That in truth and in fact a required bond election was actually called or held, when necessarily judicially found as a fact in bond validation proceedings, or certified *Page 705 as a fact in the recitals of bonds that have been duly negotiated and passed into the hands of bona fide holders for value without notice, cannot be negatived or put in issue by the obligor on the bonds is a universal rule of law in this country. This is so, because the certification or recital of the existence vel non of a recitable fact (such as the fact that a bond election was held and what its result was) on the strength of the truth of which recital in the bonds such bonds were sold or negotiated, effectually estops the obligor from subsequently denying the truth of the recital, or thereafter refuting or denying the truth of facts such obligor must have averred in judicial proceedings to have such bonds validated, even though the recited or certified fact of the calling and favorable result of a bond election to authorize the issuance of the bonds may be altogether nonexistent, or the recital itself demonstrably false, as can be later shown by proof offered in a civil suit brought to enforce the bonds.
Special tax school district bonds are in all respects analogous to ordinary municipal bonds. This is true, because they are issued by a public corporation under its seal and pursuant to statutes which make them negotiable instruments when issued in accordance with the provisions of Section 17 of Article XII of the State Constitution and the statutes cognate therewith.

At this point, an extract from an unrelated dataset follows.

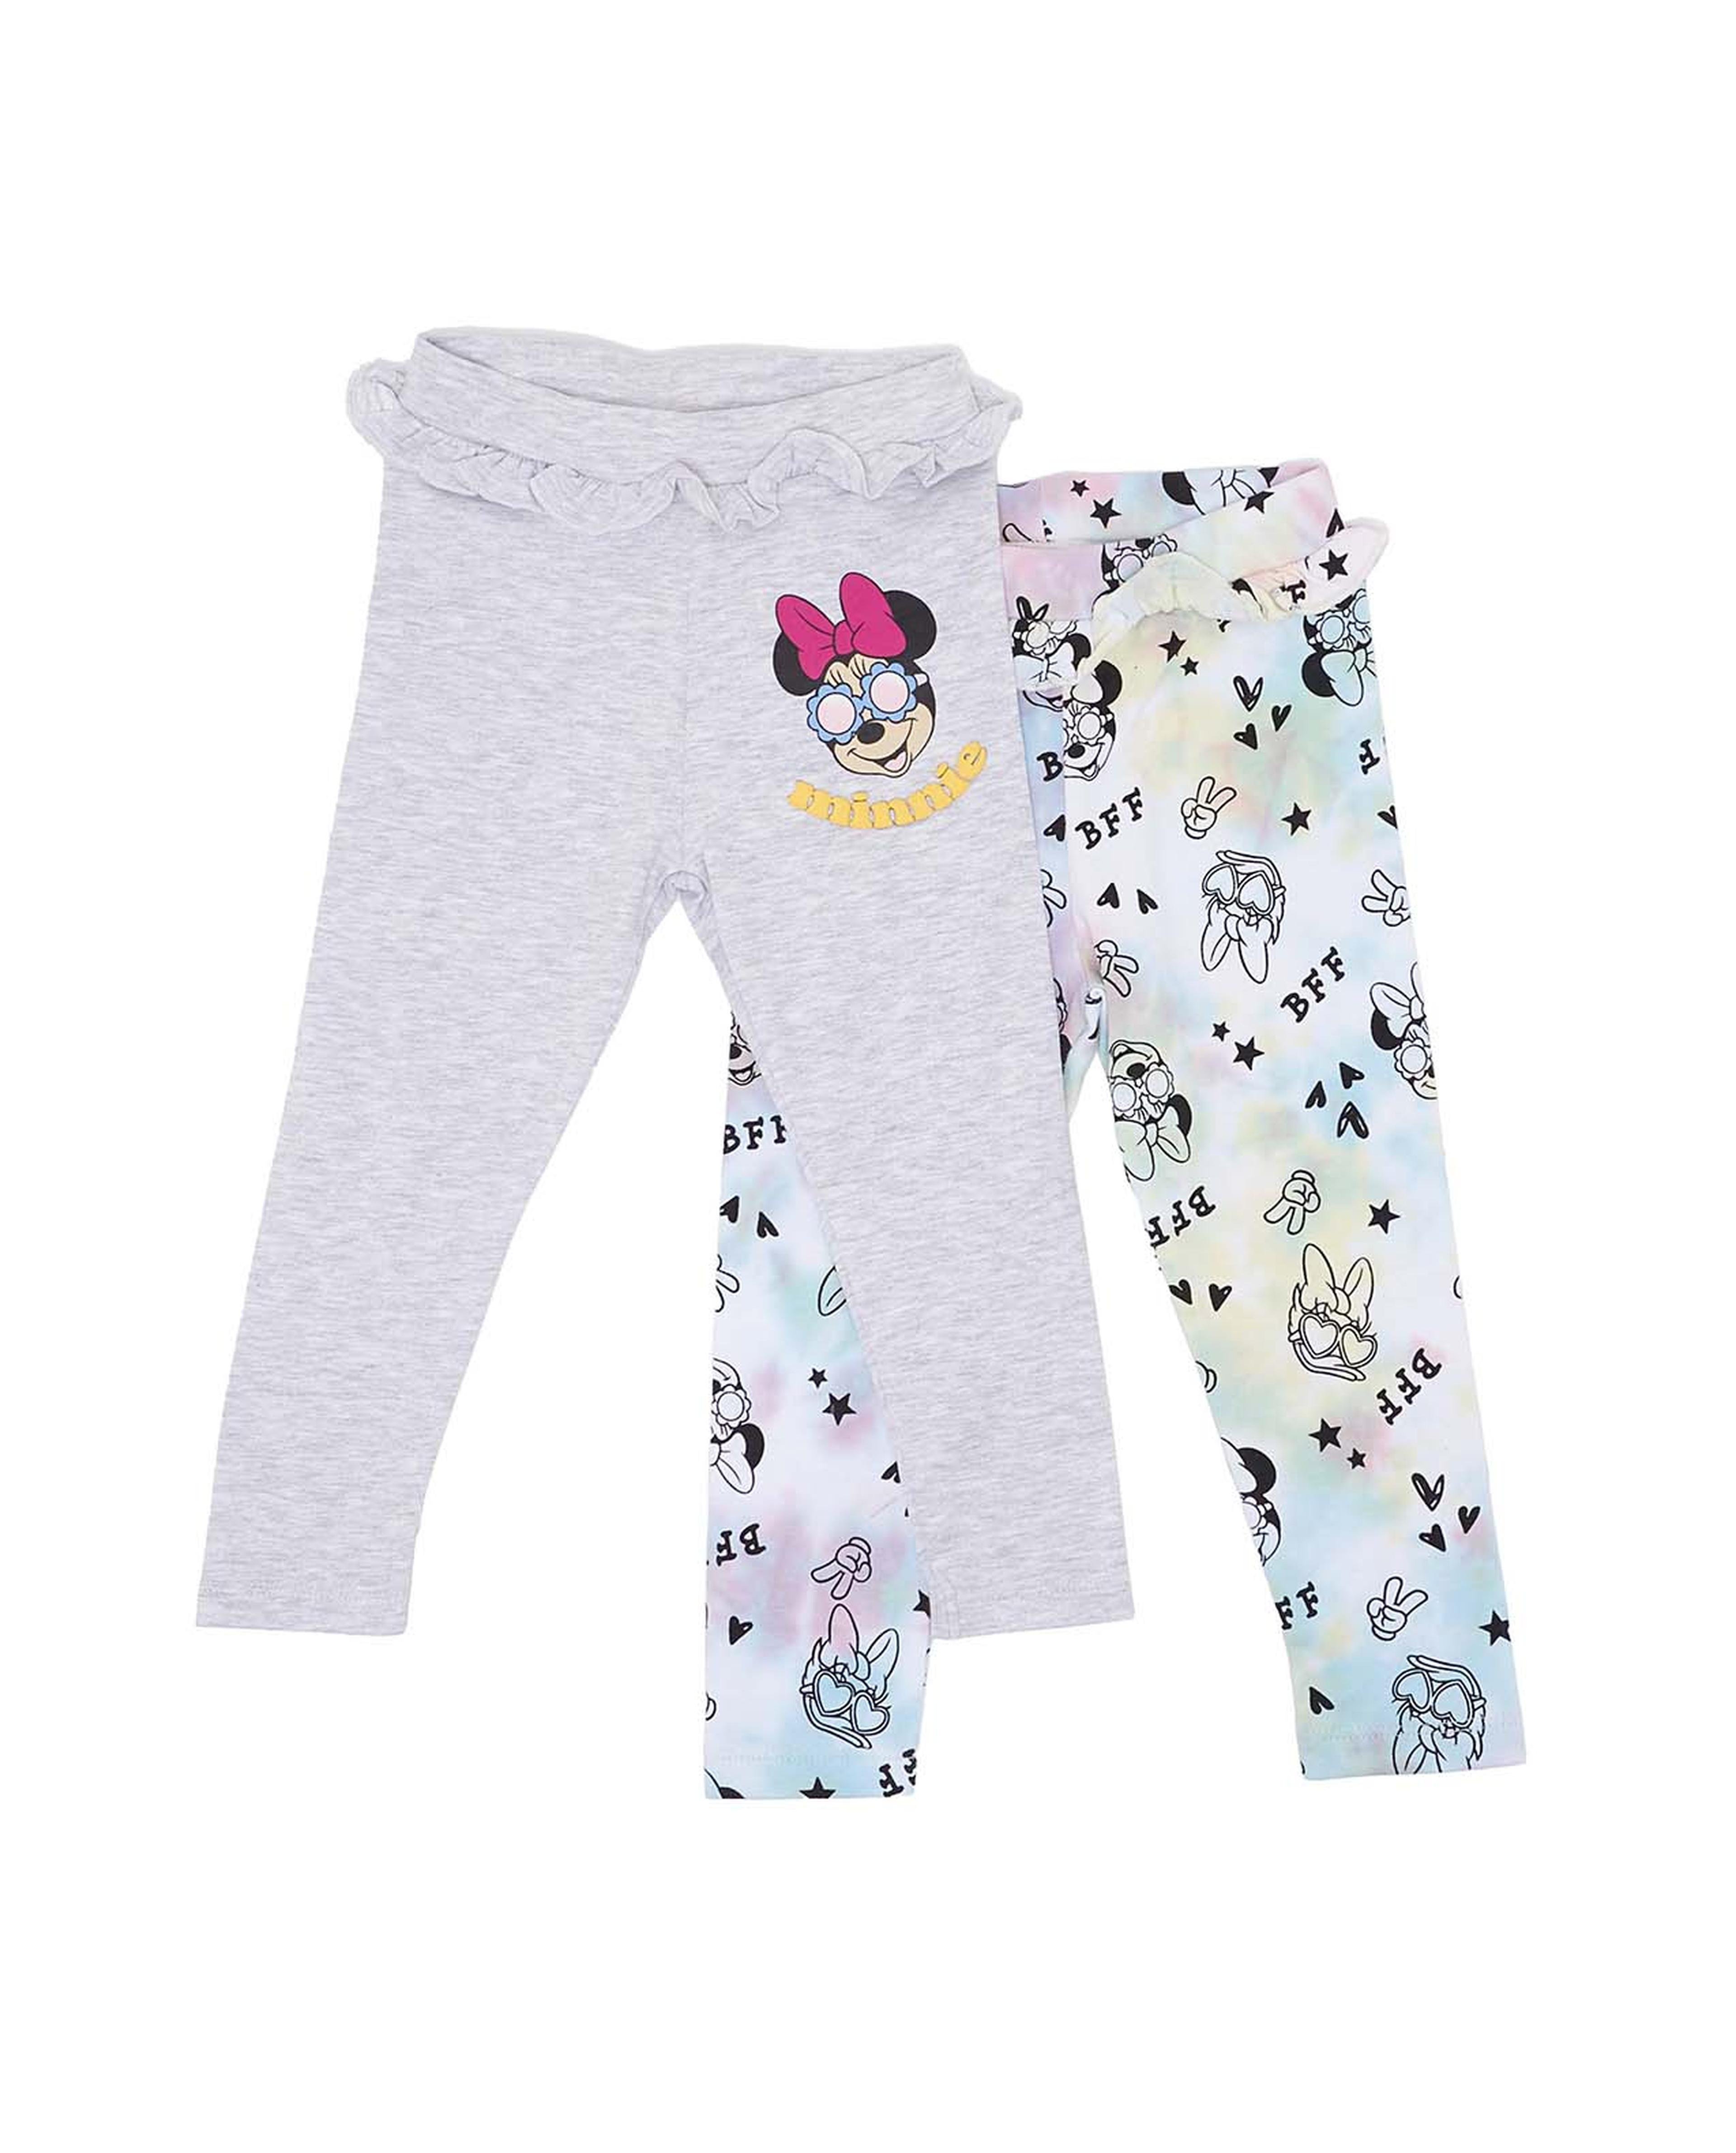 Minnie Mouse & Friends Printed Leggings

The rule as to the estoppel of the obligor on municipal bonds to deny that they were issued in conformity with, or by virtue of, certain statutes or constitutional provisions amounting to conditions precedent, is best stated in 19 Ruling Case Law, paragraph 303, page 1009, as follows, and is supported by the overwhelming weight of authority:
"A recital in municipal bonds that they are issued according to and in conformity with, or by virtue of, certain *Page 706 statutes is equivalent to the representation that every preliminary step required by these statutes to be taken as a condition to the exercise by a public corporation of the power thereby delegated to issue bonds has been properly and legally taken, where the bonds are in the hands of innocent holders, and the officers issuing them were expressly or impliedly authorized to determine the questions to which their recital relates. And the corporation is thereby estopped to assert, as a defense to the bonds, the failure on the part of its officers to perform any of these preliminary conditions, or any irregularity in such performance. Thus it has been held that a recital in bonds issued by a city, importing a compliance with the city charter in the issue thereof, estops it to assert a non-compliance with the requirement that a petition signed by a certain portion of the freeholders within the corporate limits should be presented to the council before any bonds should be issued, where the question of the presence of this petition and its sufficiency was to be determined by the authorities who issued the bonds. Such a recital also estops the municipality from denying the validity of the bonds on the ground that no election was held to authorize their issuance; that there were irregularities in holding the election; that a majority of the votes were not cast in favor of the issuance of the bonds; that the corporation has issued more bonds than the vote of the council authorized, or then were authorized by vote of the people of the municipality, or that the issue of bonds is in excess of the debt limit, unless the truth of such recital depends upon a matter of public record; that all the conditions which the statute requires as a condition precedent to the issuance of the bonds has not been performed, when the performance of such conditions is a matter to be determined by the officers who issued the *Page 707 bonds; that the delivery of the bonds held in escrow by a trustee was unauthorized, or that the municipality which issued the bonds was without corporate existence. It is, of course, essential to the legal effect of such a recital that it designate correctly the statute in conformity with which the bonds were issued, but an immaterial error in reciting the title of such statute will not affect the validity of the bonds."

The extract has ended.